Реставрация не принесла лорду Каслвуду достаточно денег, чтоб он мог реставрировать разрушенную часть своего дома, в которой помещались малые гостиные, а над ними длинная музыкальная зала; но в цветнике под окнами последней теперь снова росли вытоптанные сапогами круглоголовых цветы, ибо он был восстановлен без больших издержек одними лишь заботами обеих леди, наследовавших второму виконту во владении замком. Вокруг цветника шла невысокая ограда, и калитка в ней вела к лесистому холму, и поныне носящему название батареи Кромвеля.

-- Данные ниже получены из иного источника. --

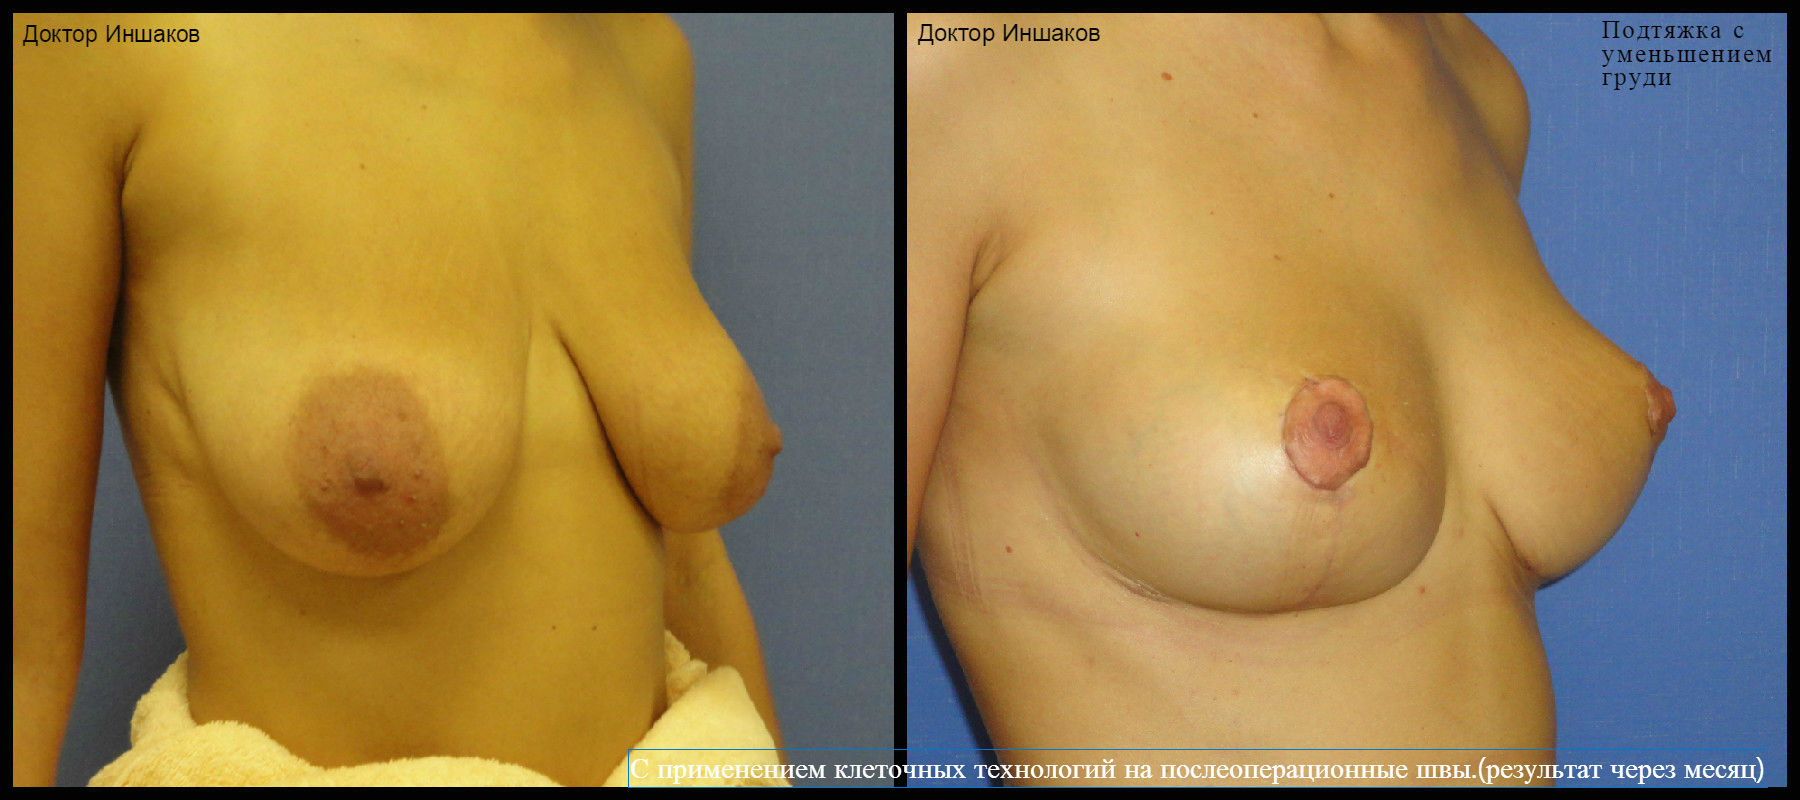 уменьшение размера груди операцией фото 81

От лакея миледи юный Гарри Эсмонд узнал свои обязанности, которые не заключали в себе ничего трудного: служить виконтессе в качестве пажа по обычаю того времени, стоять за ее стулом, подавать ей после трапезы душистую воду в серебряной чашке, сидеть на ступеньках ее кареты при парадных выездах и в приемные дни докладывать о прибывших гостях. Последние большей частью были из католиков-дворян, которых много шило в городе и окрестных деревнях и которые нередко наезжали в Каслвуд оказать честь гостеприимству хозяев. На второй год пребывания там милорда и миледи число их друзей особенно увеличилось. В замке редкий день не бывало гостей, и любопытно было наблюдать, сколь различно вели себя в обществе патер Холт, духовник семьи, и доктор Тзшер, викарий прихода, - мистер Холт со знатнейшими держался как равный и даже словно повелевал ими, тогда как бедный доктор Тэшер, чье трудное положение еще усугублялось тем, что некогда он был капелланом замка и до сих пор оставался им для протестантской прислуги, казался скорее лакеем, чем равным, и после первого блюда всегда уходил домой.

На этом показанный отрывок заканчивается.